General characteristics
- Type: Beluga E/F cargo ship
- Tonnage: 9,611 GT; 12,612 DWT;
- Length: 139 m (456 ft 0 in) oa; 130.7 m (428 ft 10 in) pp;
- Beam: 21 m (68 ft 11 in)
- Draught: 8 m (26 ft 3 in)
- Installed power: 1 × MAK Caterpillar 6M43C diesel engine, 5,400 kW (7,200 hp); 3 auxiliary engines/generators of 395 kW (530 hp) each;
- Propulsion: 1 shaft; 1 bow thruster of 500 kW (670 hp);
- Speed: 15.5 knots (28.7 km/h; 17.8 mph)
- Capacity: 665 TEU; 15,953 m^{3} (563,400 cu ft);

= Sedna Desgagnés =

Cargo ship

Sedna Desgagnés is a Beluga E/F type cargo ship built in China from 2007 to 2009 and entered service with the Canadian shipping line Groupe Desgagnés in 2009. The television series High Arctic Haulers followed the vessel as she made the annual deliveries of supplies to a series of communities in Canada's Arctic Archipelago, during the short shipping season. The vessel also sails on the Great Lakes and St.

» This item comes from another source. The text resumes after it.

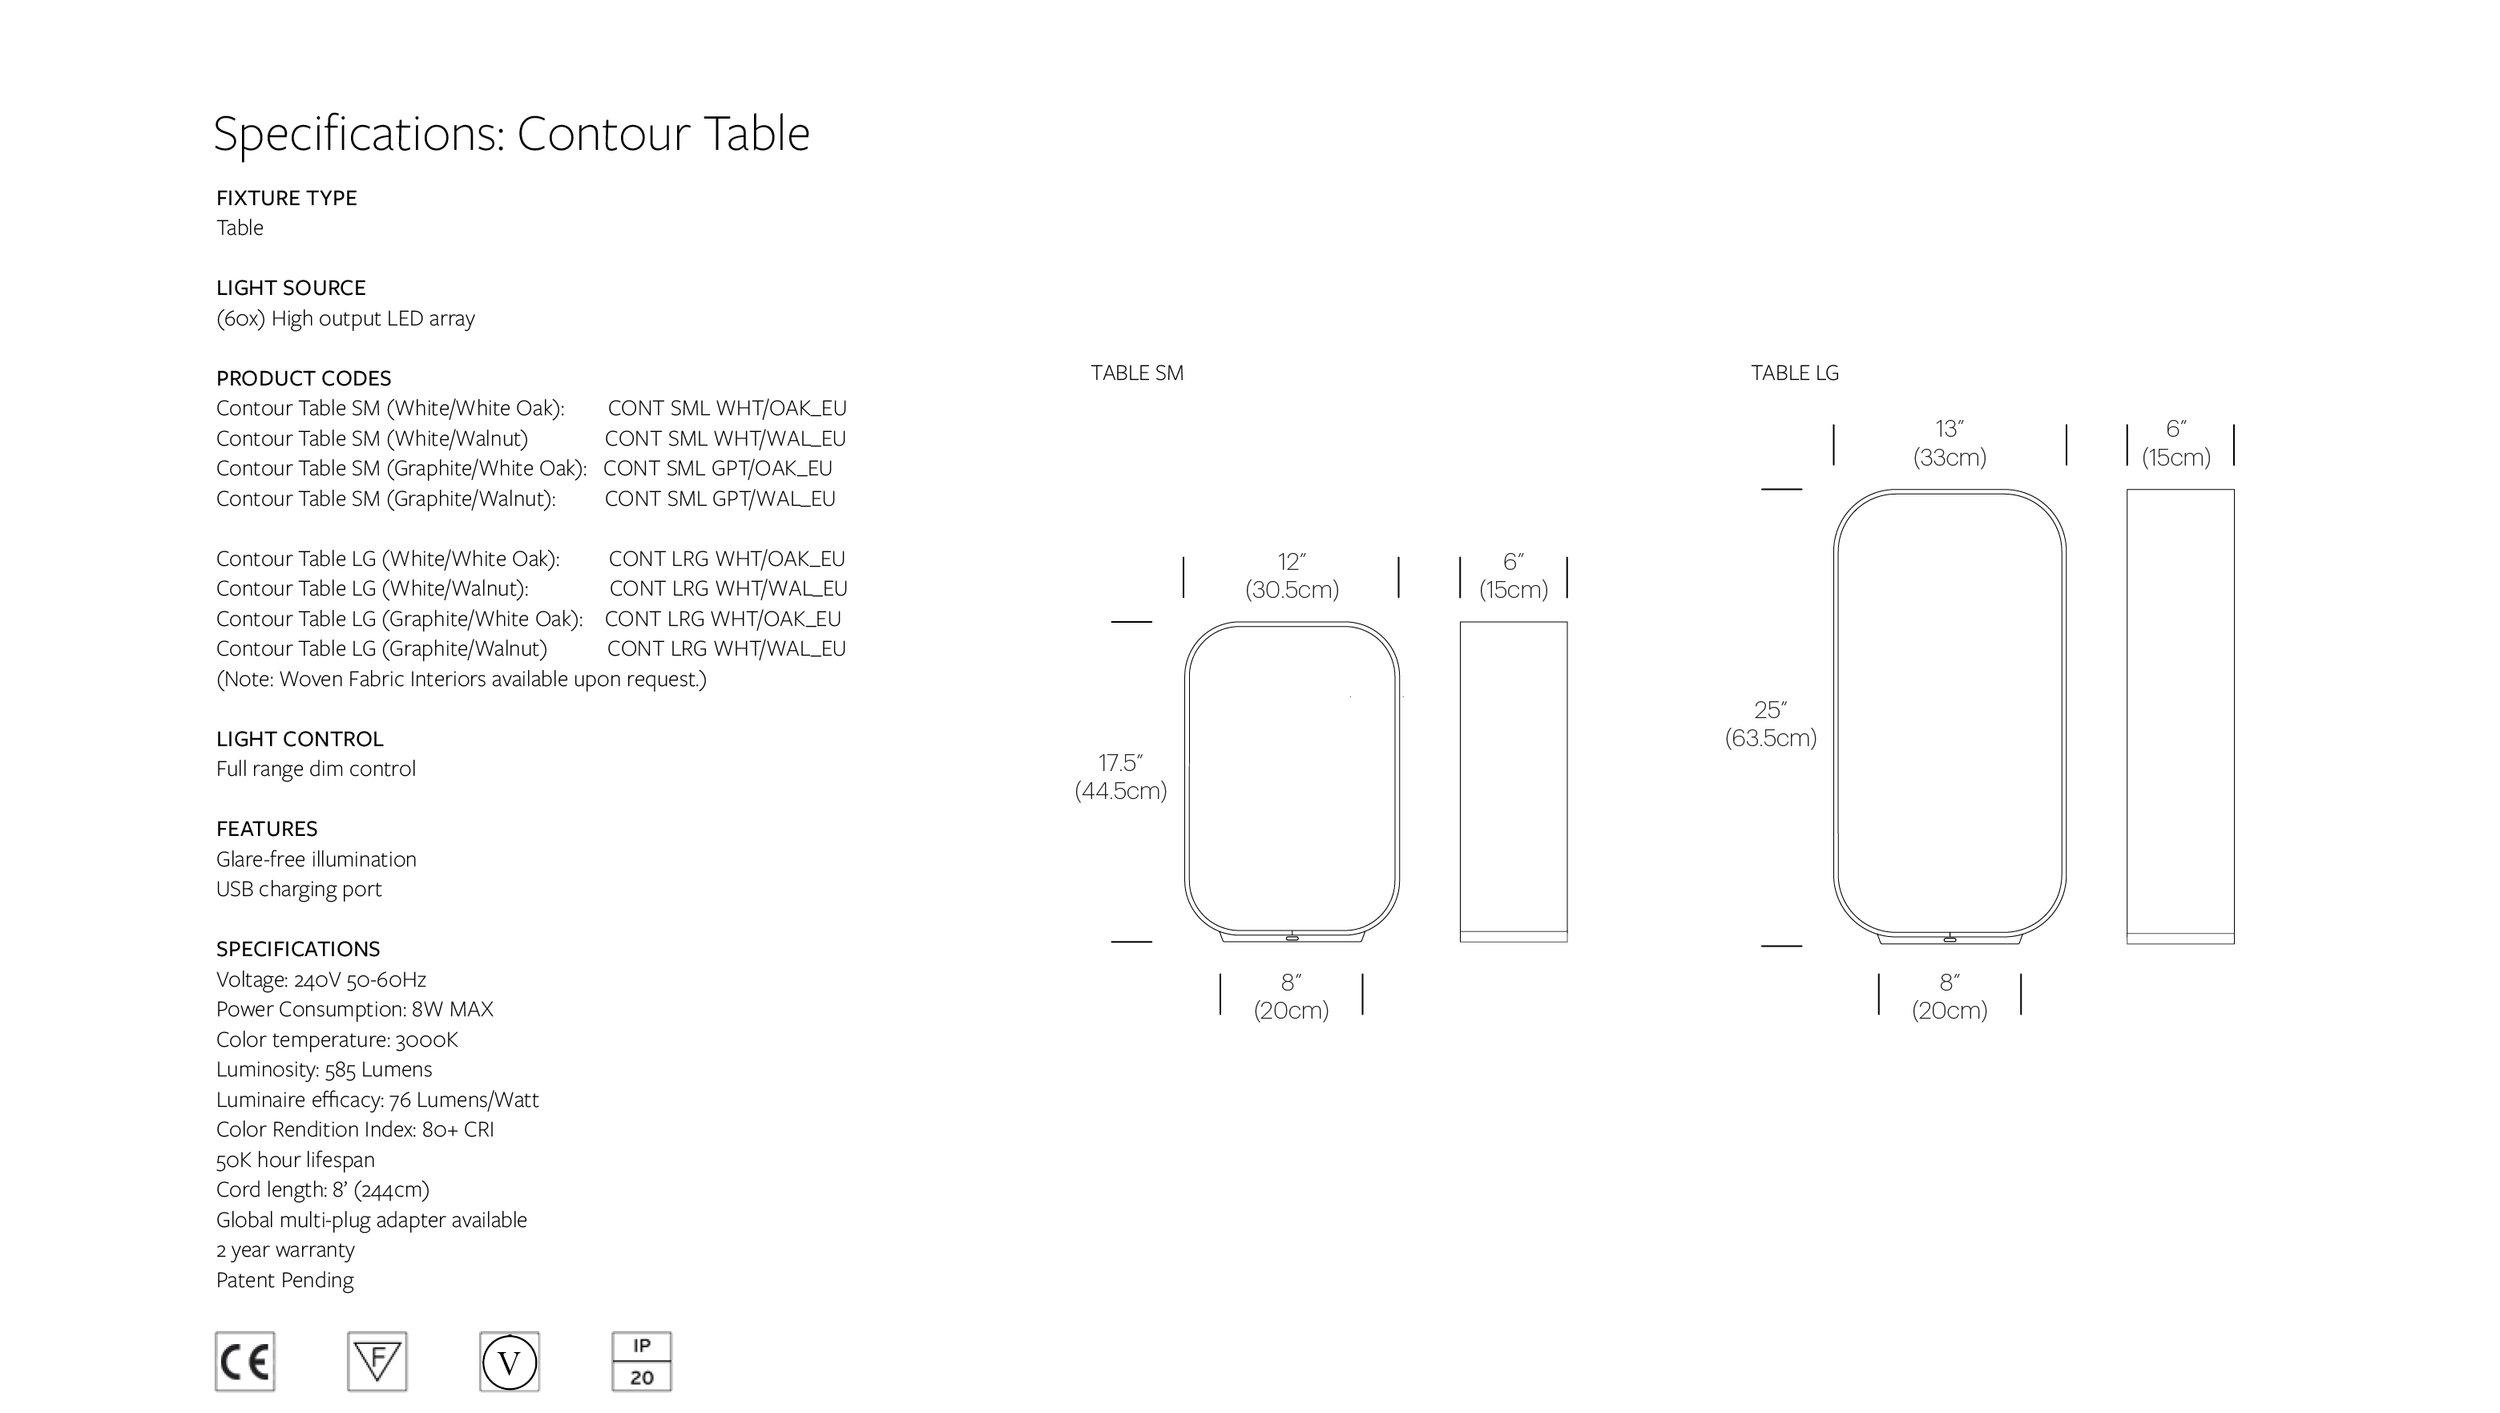 Contour Table English Spec_240V.jpg

Lawrence Seaway and is in service.

==Description==
Designated a multi-purpose dry cargo ship by Groupe Desgagnés, Sedna Desgagnés is a Beluga E/F type vessel. The cargo ship is measured at and . Sedna Desgagnés is 139 m long overall, 130.7 m between perpendiculars with a beam of 21 m and a draught of 8 m.

The ship is powered by a single MAK Caterpillar 6M43C diesel engine turning one shaft creating 5,400 kW. The vessel is equipped with three auxiliary engines/generators of 395 kW each and one bow thruster of 500 kW. Sedna Desgagnés has a maximum speed of 15.5 kn and has a consumption of 23 MT of IFO 380 fuel per day.

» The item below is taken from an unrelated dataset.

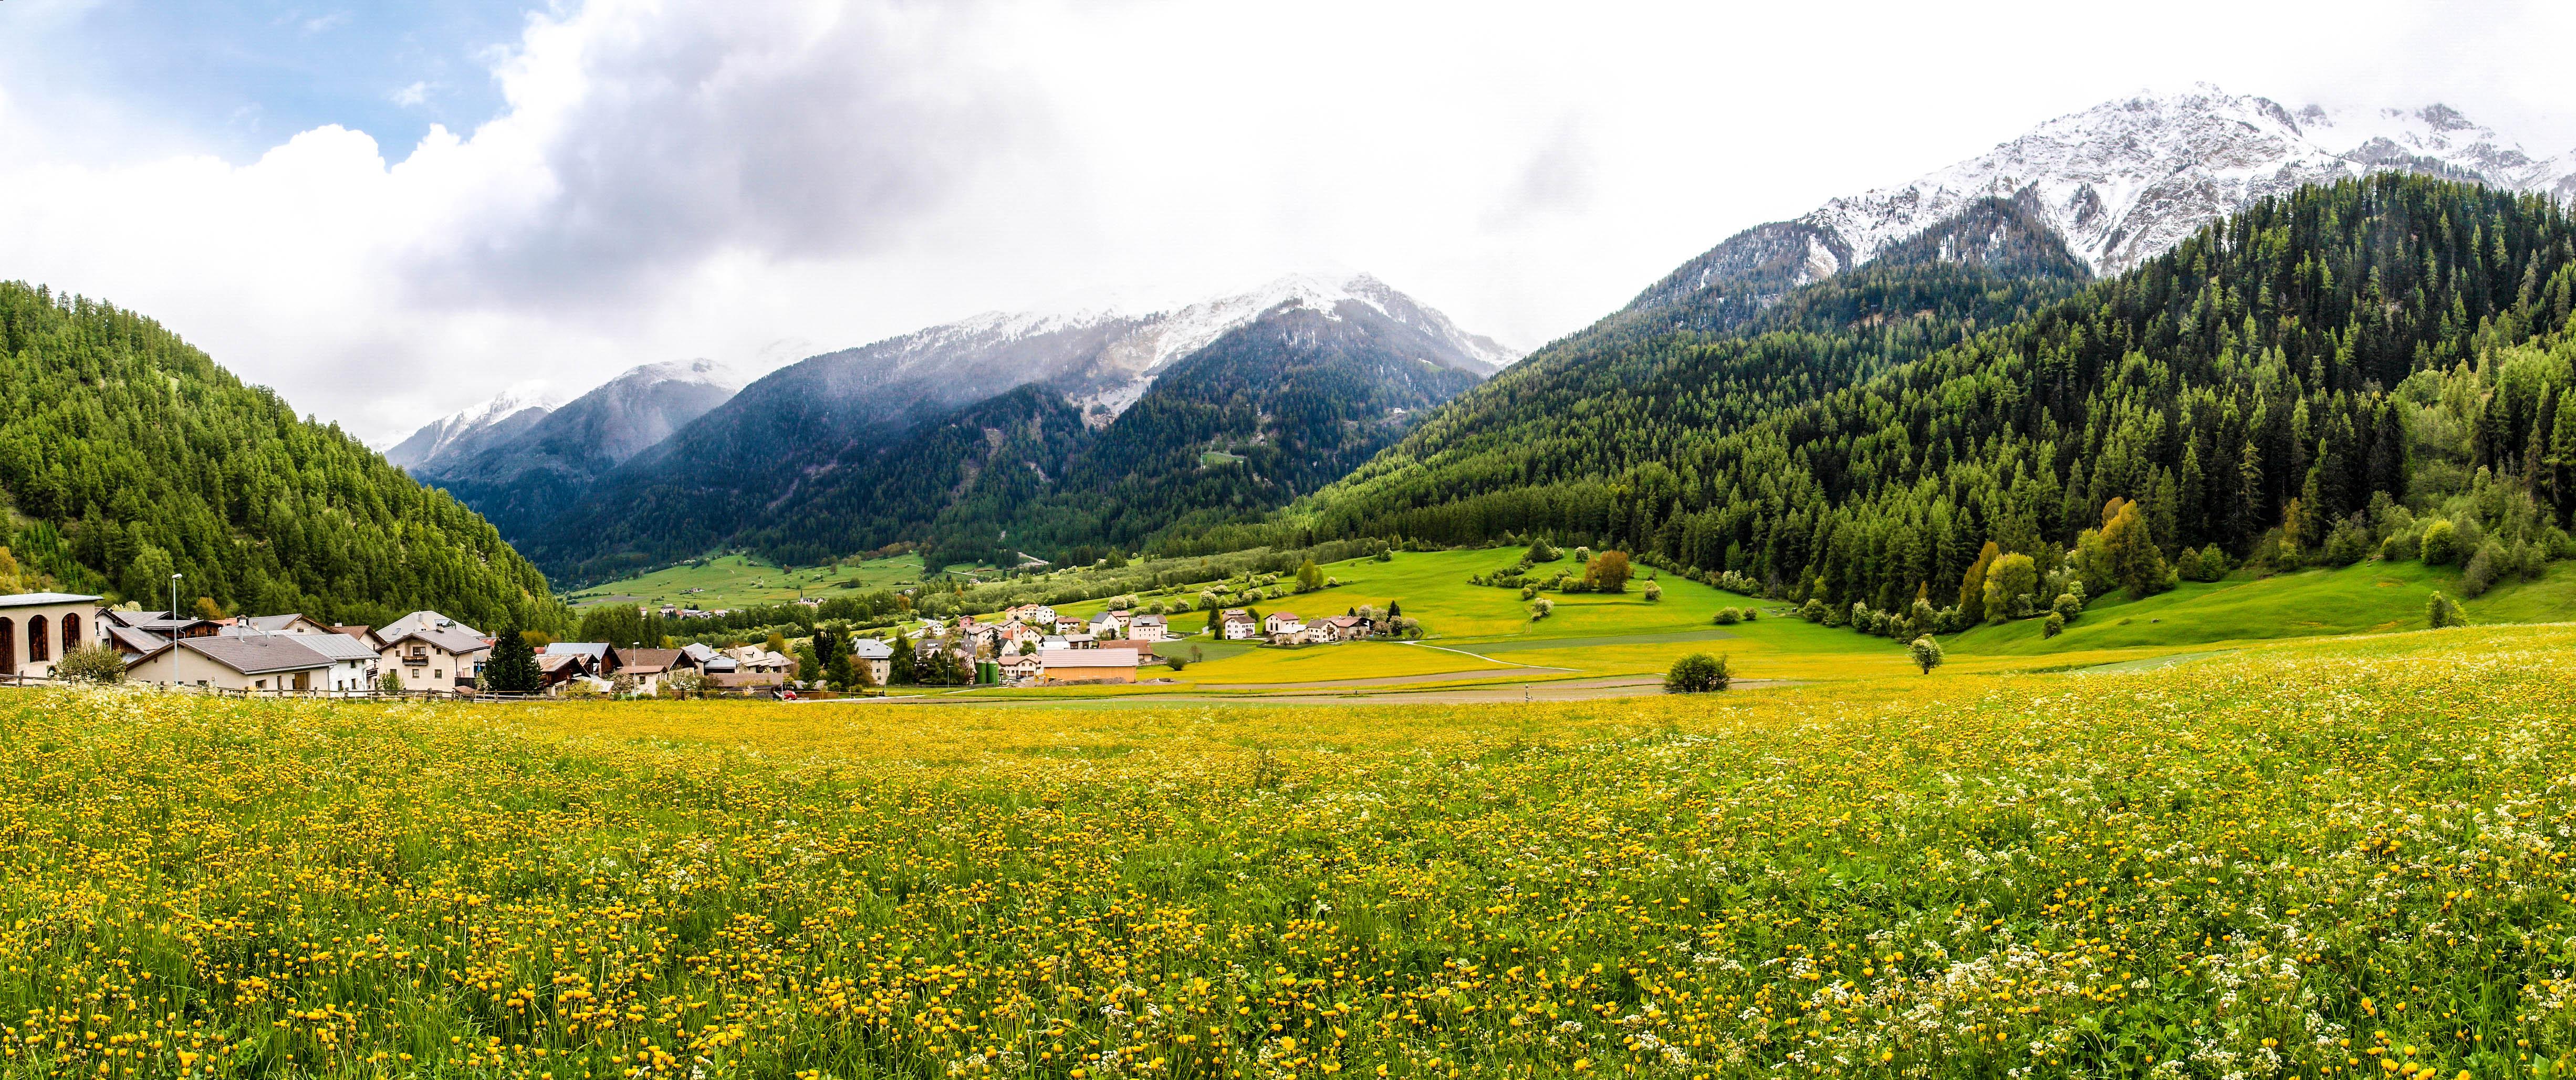 Wellness In S 252 Dtirol 3 Tage Im 4 Hotel Amp Hp F 252 R 149

Sedna Desgagnés has a monohull that is strengthened to carry shipping containers has capacity for 665 TEU and 15953 m3 of dry goods. The vessel has three cargo holds and two cranes each capable of lifting 180 MT but can be twinned for a total lifting capability of 360 MT. The vessel is rated as DNV-GL - 100A5 E3, equivalent to Lloyd's 100A1 Ice Class 1A.

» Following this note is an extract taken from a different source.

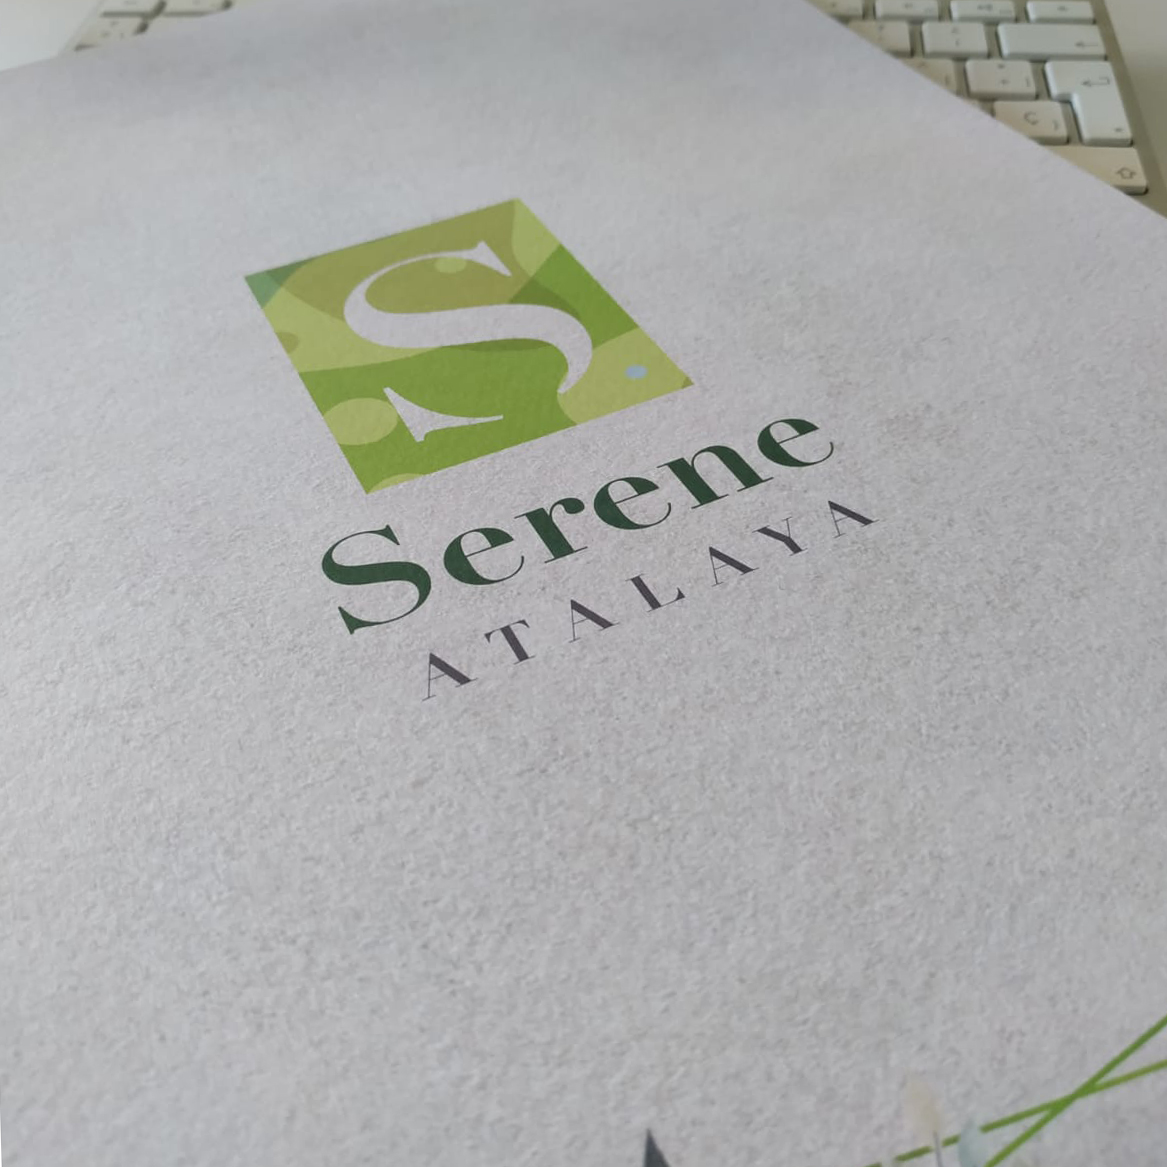 Catálogo para Serene Atalaya – Prime Invest y Metrovacesa

==Construction and career==
The ship's keel was laid down on 16 November 2007 at Qingshan Shipyard in Wuhan, China with the yard number 20060304. The vessel was launched on 12 May 2008 and completed on 23 February 2009. When completed the vessel was named Beluga Festivity. That year, the vessel was renamed Sedna Desgagnés, registered in Quebec City, Quebec, Canada with the IMO number 9402093, call sign CYQE and MMSI number 314296000. (Note: Equasis has the vessel registered in Barbados with the call sign 8PVW.) The ship entered service in 2009.

Sedna Desgagnés ran aground in the St. Lawrence Seaway, near Prescott, Ontario, on 14 October 2012. Carrying a cargo of pig iron, the cargo had to be shifted to a lighter before the vessel could be freed by two tugs on 20 October.

The television series High Arctic Haulers followed the vessel as she made the annual deliveries of supplies to a series of communities in Canada's Arctic Archipelago, during the short shipping season.

In June 2021, Sedna Desgagnés performed the first voyage of a new container feeder service between the ports of Montreal, Quebec and Hamilton, Ontario.